Digital library surpasses initial goal of 1 million books. International Herald Tribune. November 27, 2007.

The Universal Library project has surpassed its latest target, having scanned more than 1.5 million books. At least half the books are out of copyright or scanned with the permission of copyright holders. The library's mission is to make information freely available and to preserve rare and decaying texts. It is the largest university-based digital library of free books and its purpose is noncommercial. The library has books published in 20 languages, including 970,000 in Chinese, 360,000 in English, 50,000 in the southern Indian language of Telugu and 40,000 in Arabic.


Presentations from iPRES - 2007 International Conference on Preservation of Digital Objects. National Science Library . November 2007.

This site contains many pdf files of the presentations given at the October iPres conference in China. These are interesting to review. Some that I found particularly useful include:

  • Exploring and Charting the Digital Preservation Research Landscape, Seamus Ross
  • Chinese Digital Archival Network of Foreign STM Material, Xiaolin Zhang
  • A Practical Approach to Digital Preservation: Update from PLANETS, Helen Hockx-Yu
  • Challenges of Digital Preservation: Early Lessons from the Portico Archive, Eileen Fenton
  • Developing a CAS E-Journal Archiving System, Zhixiong Zhang
  • Comparative Evaluation of Major IR Systems for Preservation, Ting Zeng
  • New Partnerships for Scientific Data Preservation and Publication Systems, Zhongming Zhu


Towards the Australian Data Commons: A proposal for an Australian National Data Service. The ANDS Technical Working Group. October 2007.

This paper, among other topics, discusses the reasons to focus on data management, the issues, and the programs to deliver the data. While the paper looks specifically at a national data service, there are aspects that are useful for local digital preservation. Here are some interesting notes from it.

  • Important activities include identifying and deploying policies and technologies to allow users to gain seamless access to data collected within multiple institutionally operated repositories.
  • The intent is to provide common services to support research to make it easier to discover, access, use, analyze, and combine digital resources as part of their activities. They should also support and advise researchers and research data managers about appropriate digital preservation strategies.
  • We are in a data deluge. It can only continue and grow in intensity as the number, frequency and resolution of data sources rises and as information becomes universally ‘born digital’.
  • Data is an increasingly important and expensive ingredient of research activities and needs increasing attention to be managed efficiently and effectively.
  • The sponsors of data capture and care should help determine the accessibility of the data
  • Not everyone can use the same solution, so there may need to be multiple responses.
  • There should be a registry of repositories with services offered
  • Provide assistance to others on adopting the plans and getting the service they need.
  • Collecting and managing the metadata is critical. Best to collect early and automatically.

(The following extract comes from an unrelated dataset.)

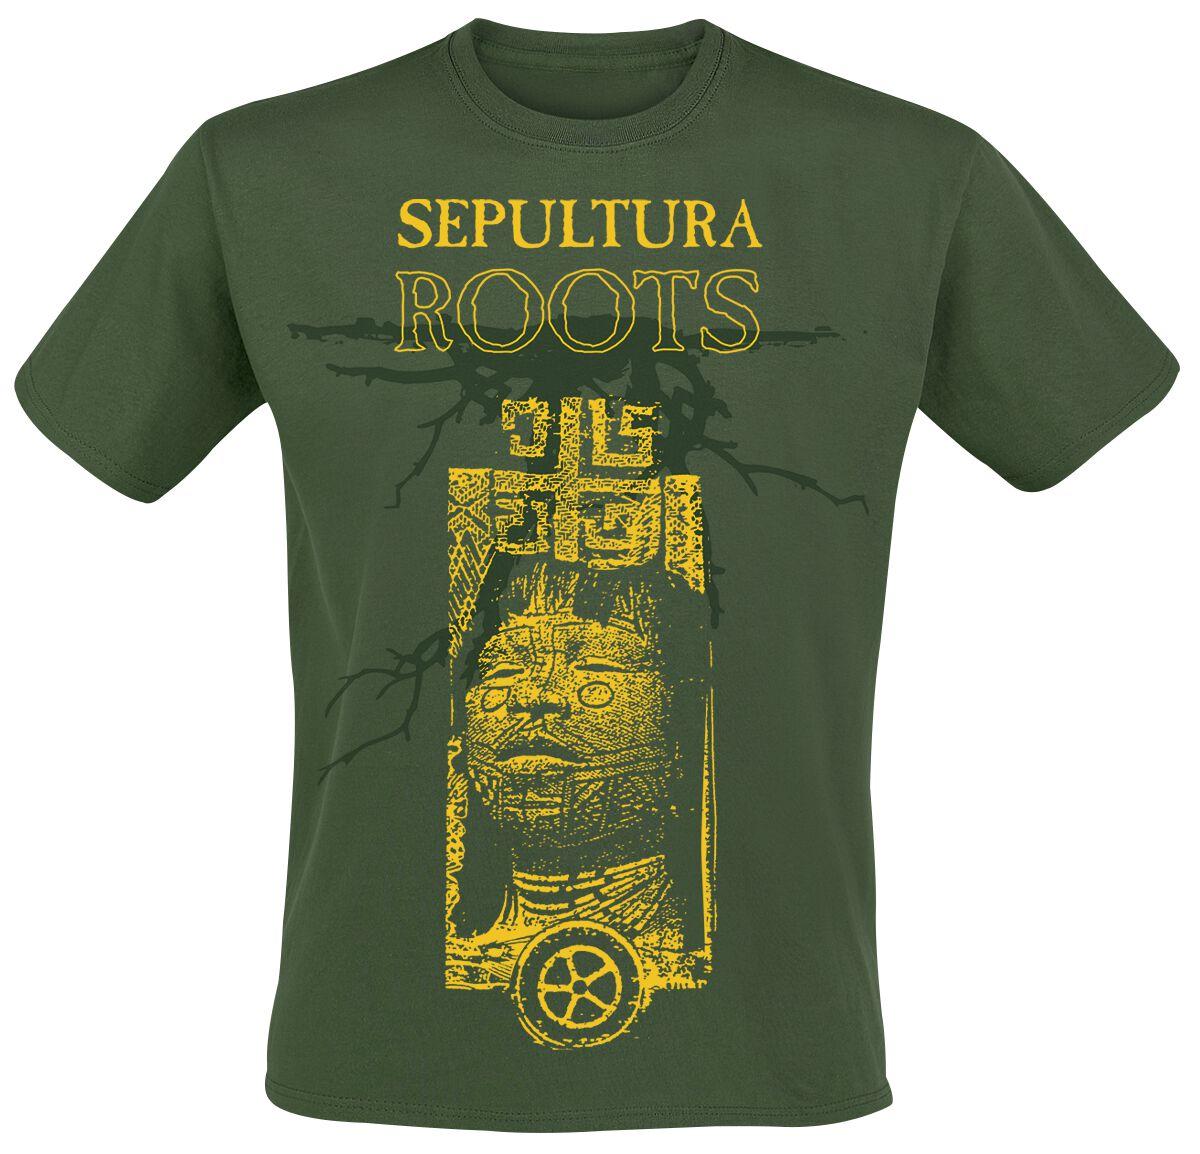 Zespoły - Koszulki - T-Shirt Sepultura Roots 30 Years T-Shirt ciemnozielony - 323485

The data service believes it can contribute most effectively by developing services and activities that enable stewardship within multiple federations of data management and data user communities.

In ten years time, it will be successful if:

  • A data commons exists in a network of research repositories and the data is discoverable;
  • Researchers and data managers perform well with well formed data management policies;
  • More research data is routinely deposited into stable, accessible and sustainable environments;
  • More people have relevant expertise in data management


Stewardship of digital resources involves both preservation and curation. Preservation entails standards-based, active management practices that guide data throughout the research life cycle, as well as ensure the long-term usability of these digital resources. Curation involves ways of organizing, displaying, and repurposing preserved data.